En ese momento, Elsa vio el álbum que había recogido la mujer de las cajas apiladas de cartón y se sentó a su lado para mirar las fotos: vio a una mujer, muy parecida a su madre y a ella, junto a un hombre, cuya imagen la hizo sentirse nerviosa. Pensó que era muy guapo, aunque muy viejo para ella. De repente se sobresaltó con una foto: Estaba el hombre guapo junto a ¿su madre? Estaba segura de que era su madre. Tanto la mujer como el hombre estaban vestidos con trajes color lila y había un arco de flores encima de ellos. ¡La artesanía! Era la pareja sobre el parlante ¿Cómo no reconoció a su propia madre en la figura? Sacó la foto del plástico que la protegía y le dio la vuelta. La foto tenía la siguiente descripción: “Celebración bodas de oro de Luis y Elsa/ sept 19 del 2000”.

 Miró la foto de nuevo y se dio cuenta de que la mujer de la foto y de la figura no era su madre, sino ella. Recordó que Yolanda y Eduardo eran dos los cuatro hijos que había tenido con Luis, el hombre guapo que la ponía nerviosa; la mujer era la segunda hija y el hombre, el único hombre que parió, era el menor. ¡Claro!, estaban en la casa porque Luis se había muerto y la había dejado sola, convirtiéndola en un estorbo para los demás. Se sintió bruta y confundida por recordar hasta ese momento. Como consecuencia de ese par de nefastas sensaciones vino el llanto. Yolanda y Eduardo la abrazaron y, por un momento, le pareció que lloraban junto a ella. Salió del cuarto en silencio, arrastrando los pies.

—Yolanda, hace unas noches soñé que mamá era un cervatillo.

—¿De verdad? —Hubo unos segundos de silencio entre los dos .

— Eduardo, para allá vamos nosotros también. ¡La vejez es muy berraca!

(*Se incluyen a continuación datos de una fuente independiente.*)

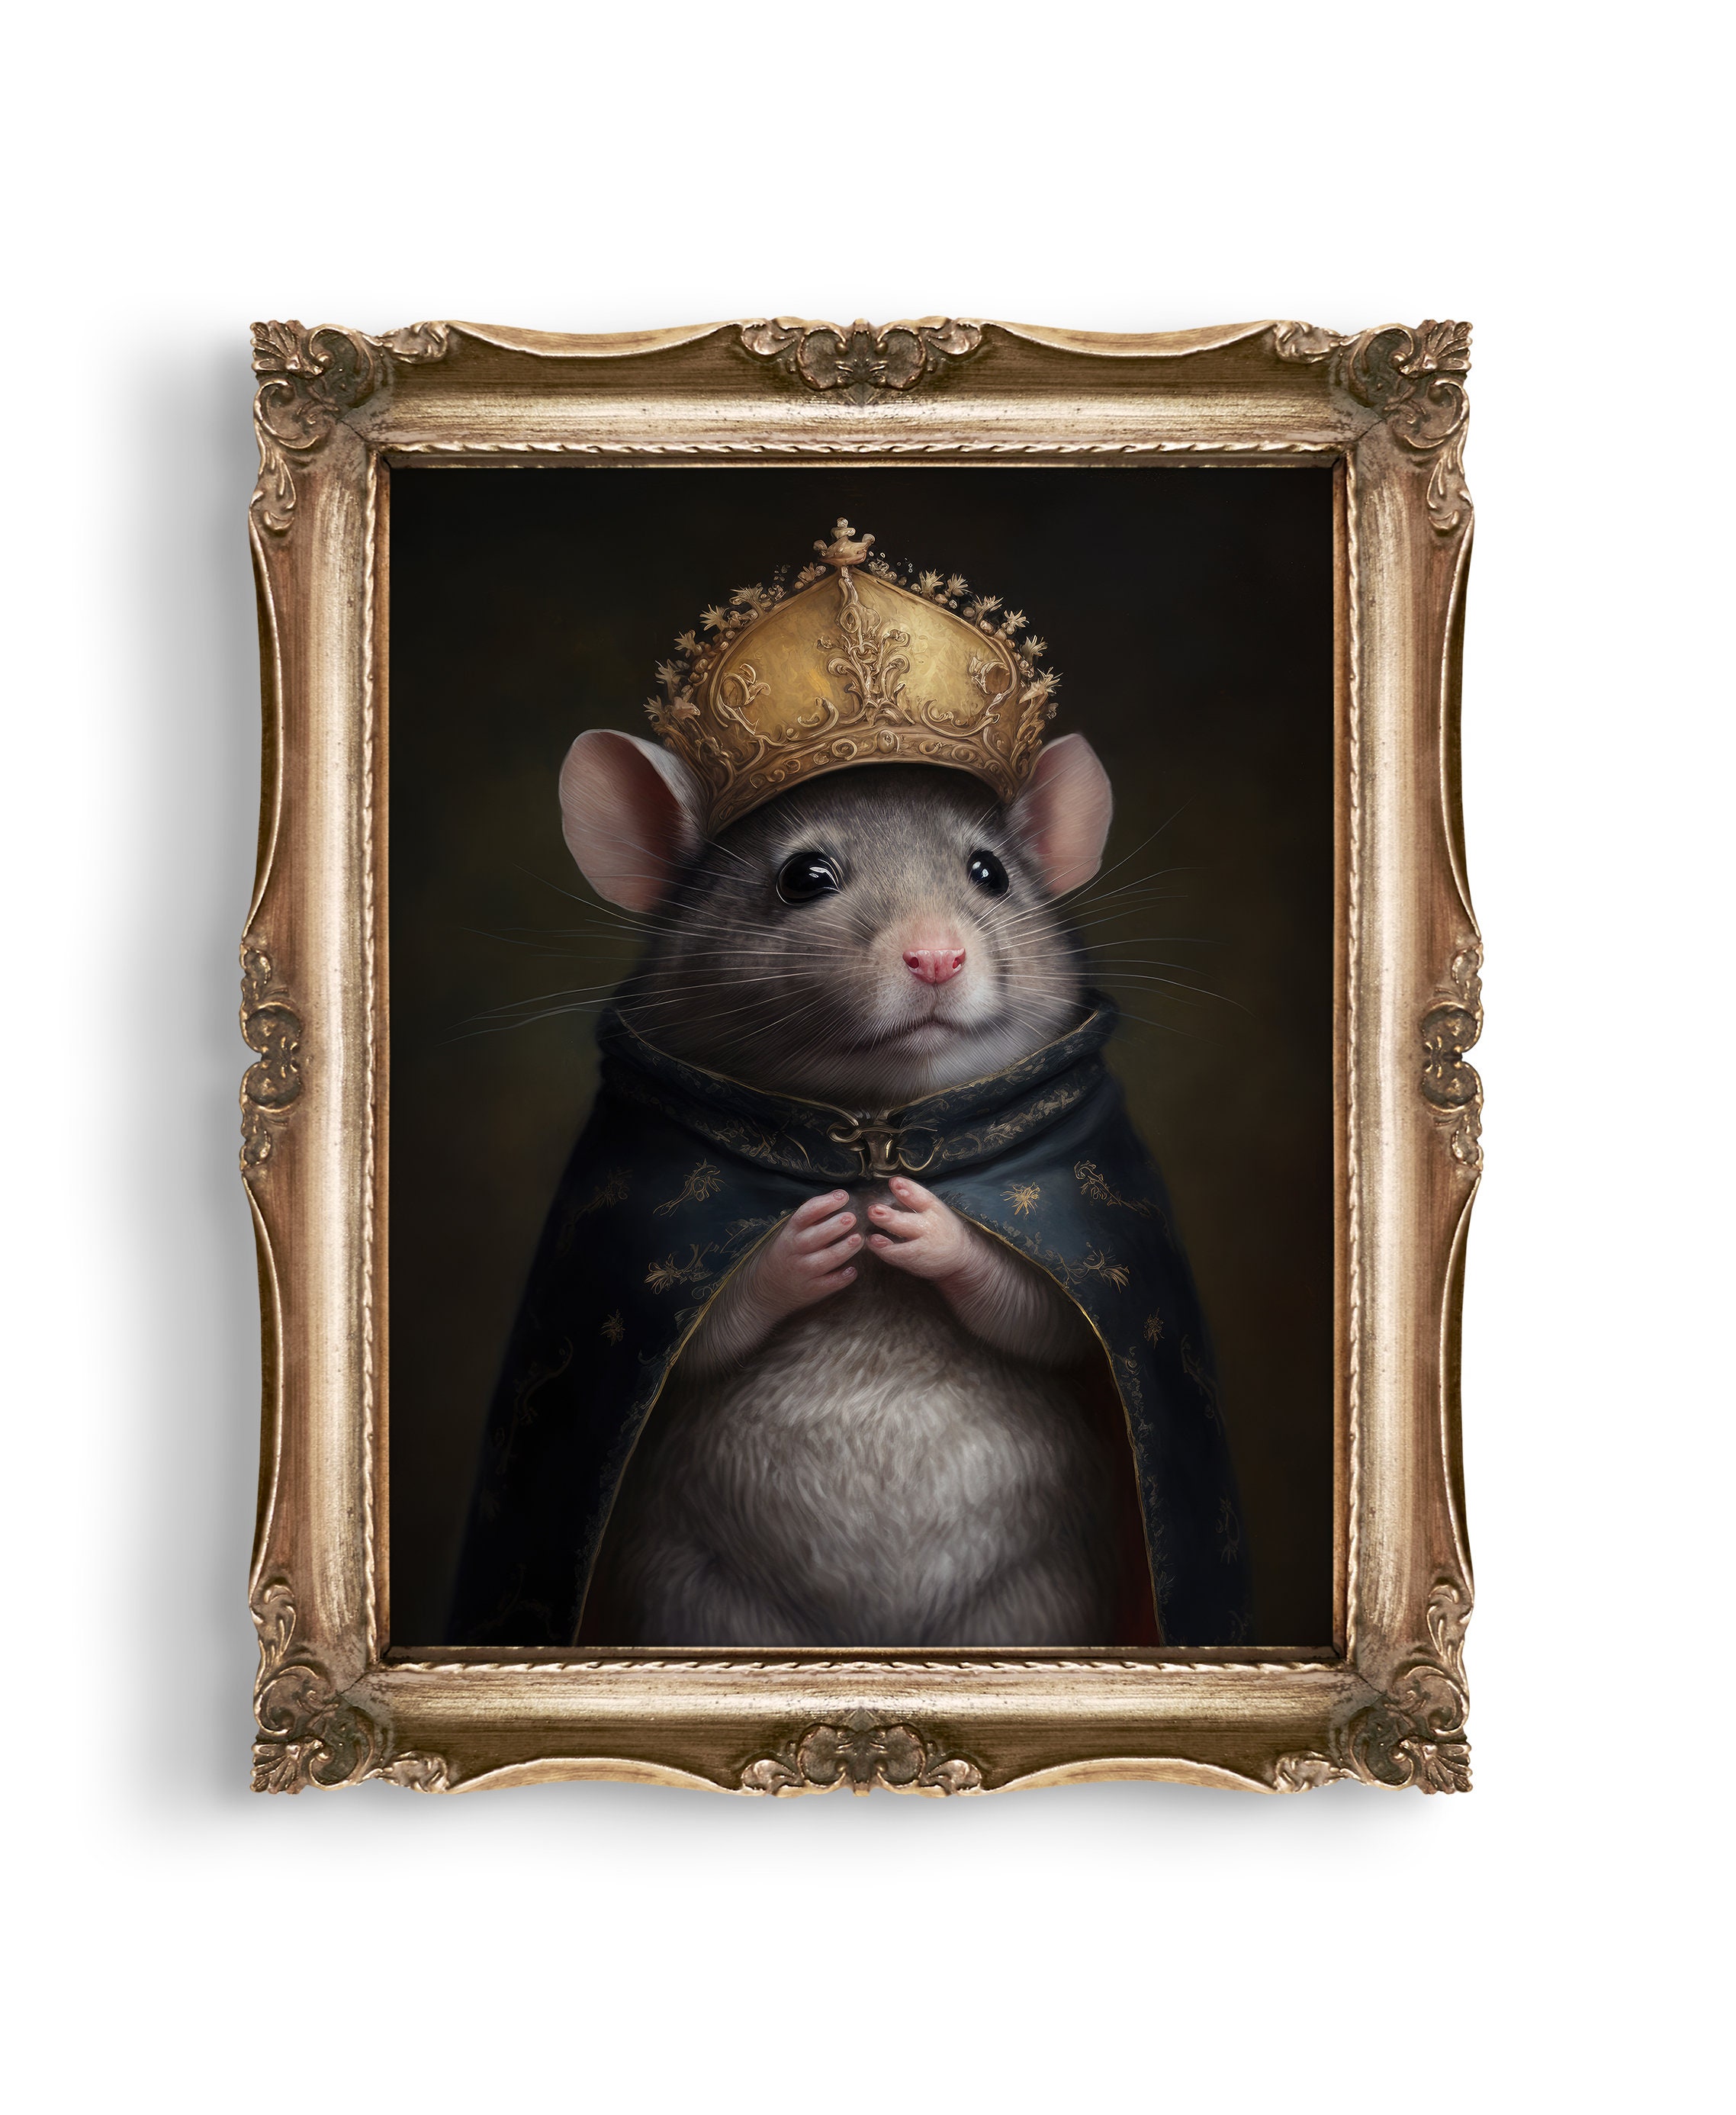 Canvas Painting, Vintage Rat King Poster, Cute Mouse Art Poster, Ideal Gift  For Living Room, Kitchen, Decor Wall Art Wall Decor, Home Decor, Wall Art,  Room Decor, Room Decoration, No Frame

—Pero más la de mamá. Yoli, las garras de esa enfermedad son letales. Leí por ahí que su cerebro se va haciendo más pequeño. La enfermedad se lo va tragando, al tiempo que la consume a ella. Es cruel y miserable porque espera a que la persona ya esté vieja, indefensa y no pueda pelear. No hay nada qué hacer, no hay una cura. Mientras tanto, mamá está ahí, moribunda, esperando a que esa ave de rapiña no deje nada de su ser, no deje nada de la mujer que fue María Elsa ¿Que todavía es? 

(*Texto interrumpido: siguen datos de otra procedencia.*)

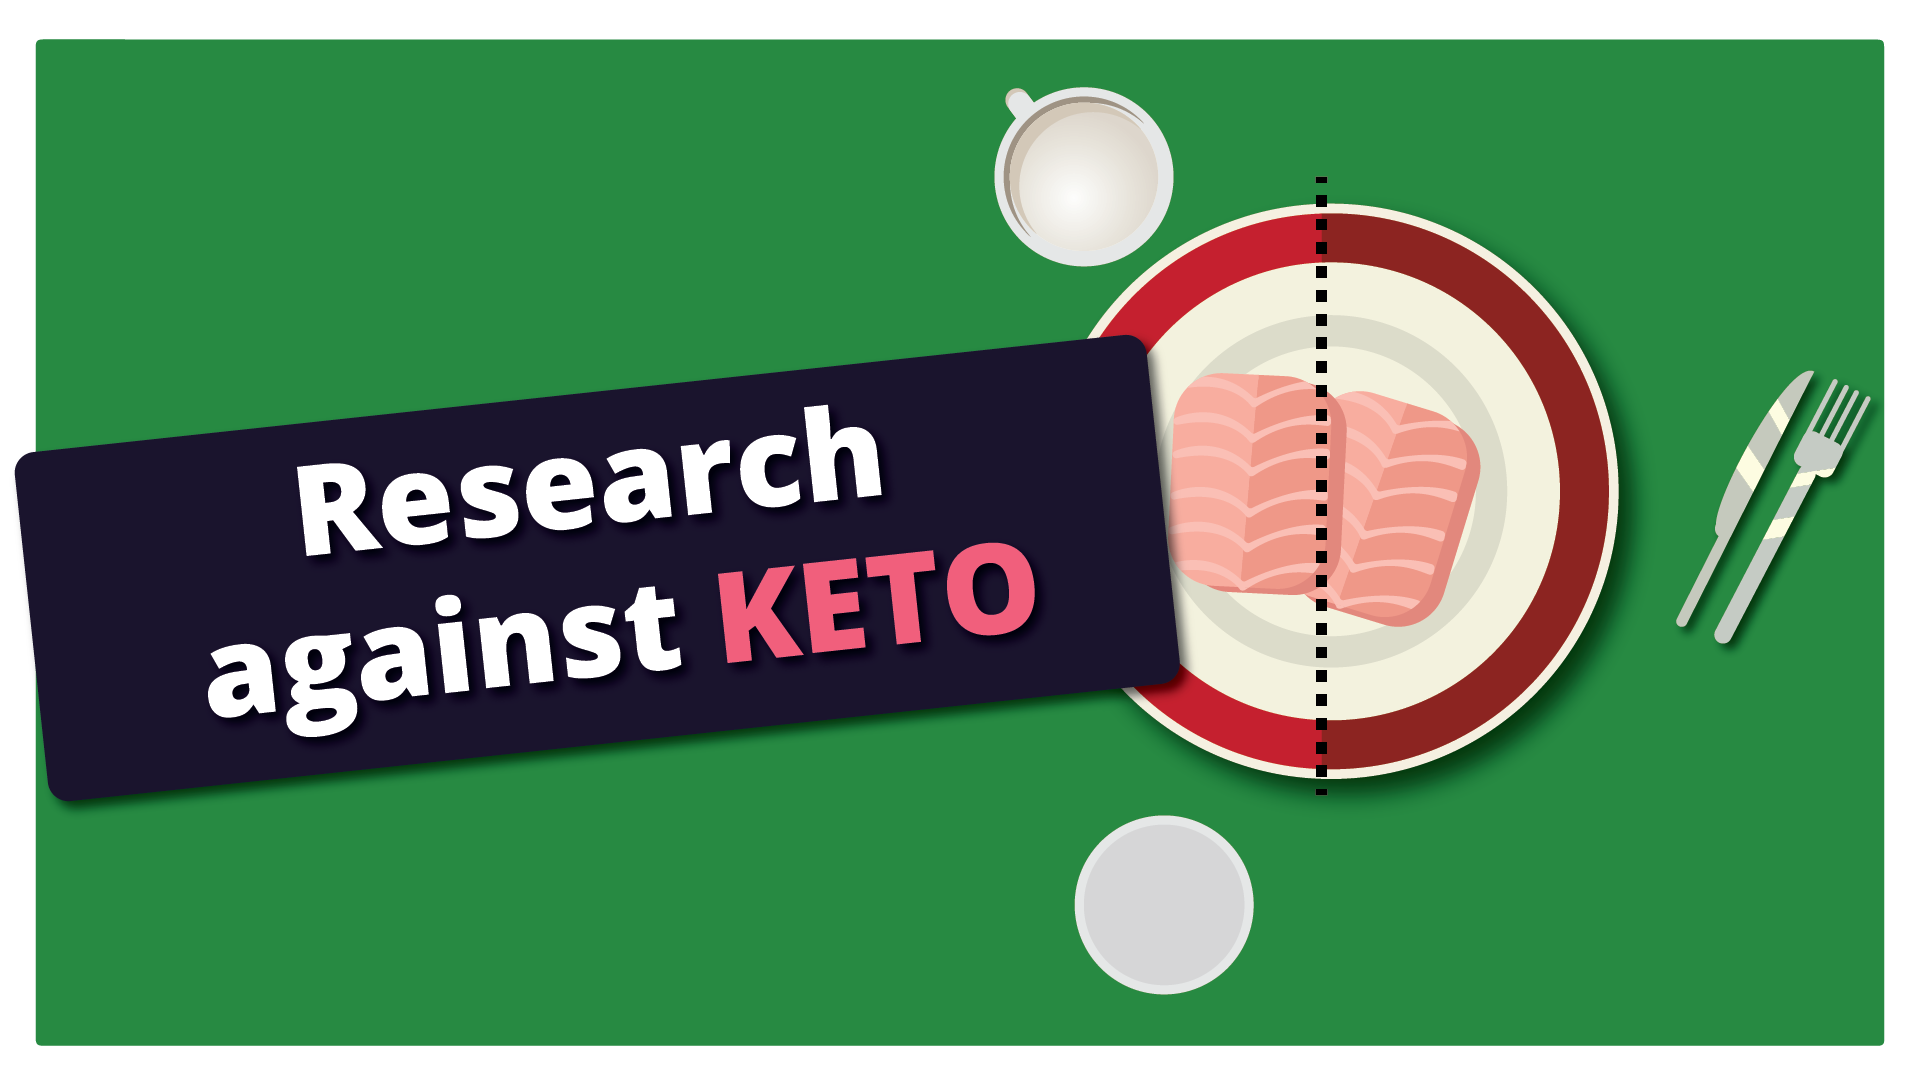 research against keto diet-01

Elsa se descubrió preguntándose hacia dónde caminaba descalza en esa casa grande de bahareque ¿Ya había estado en ese lugar?, ¿por qué le parecía tan familiar? Se detuvo frente a uno de los parlantes del equipo de sonido sobre el que reposaba la figura de una pareja “Felices bodas de oro” leyó. Vio salir de la cocina a una mujer y a un hombre desconocidos, ¿Serían los dueños de la casa?